2.    It can be configured to whatever specific requirements clients have – even down to individual teams within companies.

3.    We are developing the IPS/IDS technology on existing functionality to make it even more effective, flexible and sophisticated.  It is all part of our service.

This managed approach has to be the way forward as security gets more complex.

Posted in Security, social media series | Comments Off

UK cyber strategy – who are our allies in this war?

Monday, June 29th, 2009

The UK government has announced its strategy on national cyber security. There is little doubt that serious damage can be done to a country through cyber space. We’ve seen many instances of cyber attacks already, but they have mostly been fairly mild to date. But our national infrastructure relies on technology and the potential for attack cannot be ignored.

Of course, cyber force can be used on both sides. There have been reports that US and UK forces have used the internet to change the information terrorists hold and so manoeuvre them into an ambush.  But it doesn’t take a huge leap of imagination to see the potential for causing trouble if a malign force was to infiltrate certain aspects of UK cyber space.

We need this national cyber security strategy, and, of course, it can be built on and developed further as needed in this fast-changing world.

When Gordon Brown announced the appointment of ‘senior civil servant’ Neil Thompson as Cyber-security chief (at the time of writing, it is unclear as to Mr Thompson’s credentials for this role) he made reference to the need for defence across different territories. We have defending forces for the air, the sea and the ground. It makes sense to have one for cyber security.

But in any war, or defence situation (cyber or real-world combat), we create alliances across borders to help us. We have NATO and other international bodies to help us defend ourselves from attack; the UN to negotiate peace. It is unclear, in this strategy, how we will do this in the borderless world of cyberspace. The very fact of an Internet without policed national borders means it would be strange indeed if we didn’t work to forge alliances in the virtual world, as we do in the real world. In any combative situation, you need allies.

Posted in Security | Comments Off

Unified Security

Wednesday, June 24th, 2009

It’s always nice to be mentioned in an analyst’s report, and Gartner’s recent Managed Security Service market (Asia Pacific) is no exception. The first thing that struck me is how far managed security services have come in the last five or six years – it is a fast-maturing market and one in which Gartner forecasts a 12 per cent compound growth over the next 12 years in the region. That’s significant, given spending freezes and cuts in other areas.

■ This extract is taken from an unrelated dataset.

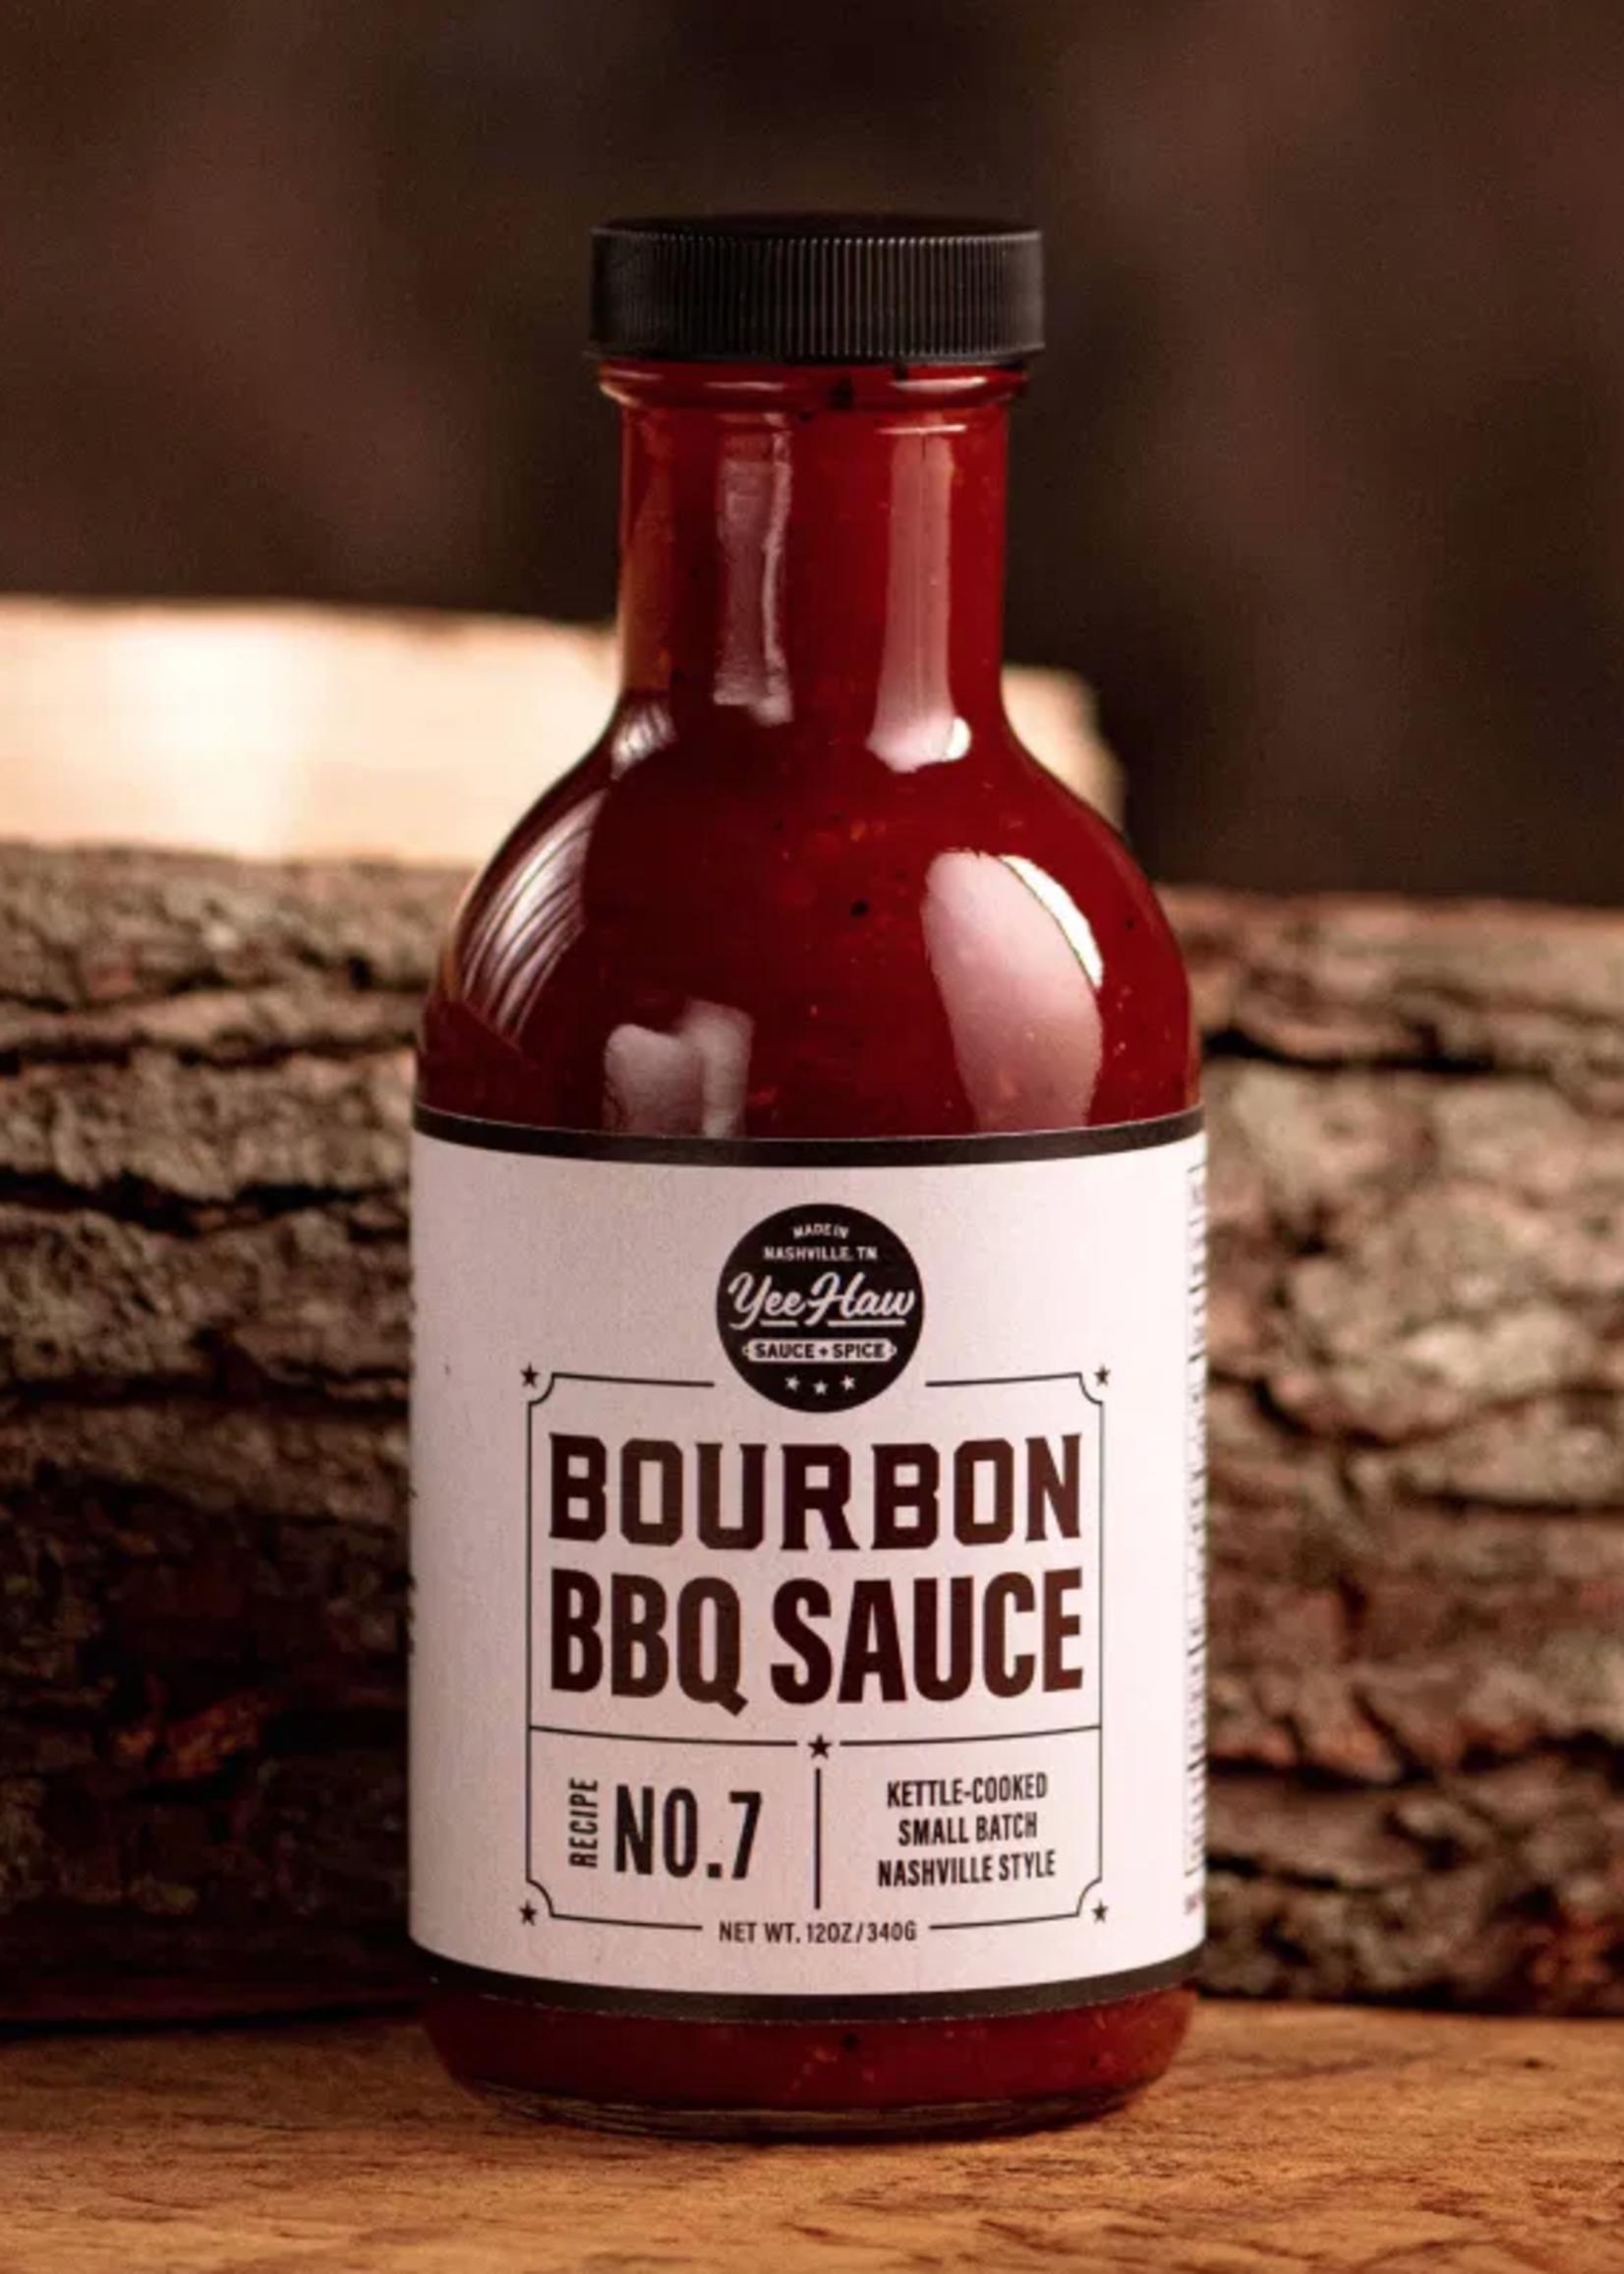 Yee Haw Sauce + Spice Bourbon Barbeque Sauce - 12 oz

But still, as the report highlights, relatively few security companies offer unified threat management (UTM) services. Those that do, it says, are enjoying considerable success. The cynic in me says that many vendors won’t offer UTM because it’s more expensive for customers to buy several services separately (and so advantageous for vendors not to integrate their services); but the truth is that it is also very difficult to do well for a company that hasn’t been set up specifically to do so. But those that do (and of course I include Network Box in that) are seeing huge growth potential in the market.

I’ve said before that systems built to fit together are always more effective than systems that are bolted together, or bought separately (remember the boom in ‘middleware’, designed specifically to make bits of kit work with each other?). We spend a significant amount of time and money in researching and developing the most effective integrated systems: it’s better value for our customers, and gives overall a much more effective security solution.

Here’s hoping that next year, Gartner will go one step further, and devote a whole report to the growing market for UTM.

Posted in Security | Comments Off

Digital Britain, maybe… but will it be secure?

Monday, June 15th, 2009

Initially, I was heartened to see that Chapter 7 of the Digital Britain report (the section concerned with online safety and security) makes reference to the need for a global approach to Internet security. This is something that most of us in the security industry have been pushing for, for some time. The report states:

Whilst ultimately, the Internet cannot be made risk-free if it is to function effectively, governments, businesses, civil society and individual users can and must share responsibility for minimising the risks. And due to its global nature, issues relating to governance of the Internet are often outside the jurisdiction of individual national governments and regulators. Responsibility for ensuring that Internet governance is effective therefore needs to be considered at three levels:

  • at the global level, recognising the cross jurisdictional nature of today’s networks;
  • at the national level, on those issues where appropriate national action remains a highly effective tool; and
  • at the consumer level, through appropriate action and by empowering all of us to take steps to protect themselves.

Much of the report relates to the UK’s cyber-security, rather than the international issue of cyber-crime. Of course, it is hugely important that we secure our UK infrastructure against threat of attack, cyber or otherwise. There is passing reference to the work of SOCA’s e-crime unit, and the government-established PCeU (Police Central e-crime Unit). The report acknowledges that ‘a vast amount of e-crime is small scale and aimed at home users through the use of malicious software and deception’. The focus here was very much on educating users to avoid becoming victims of this ‘small-scale’ cybercrime, through initiatives such as Get Safe Online.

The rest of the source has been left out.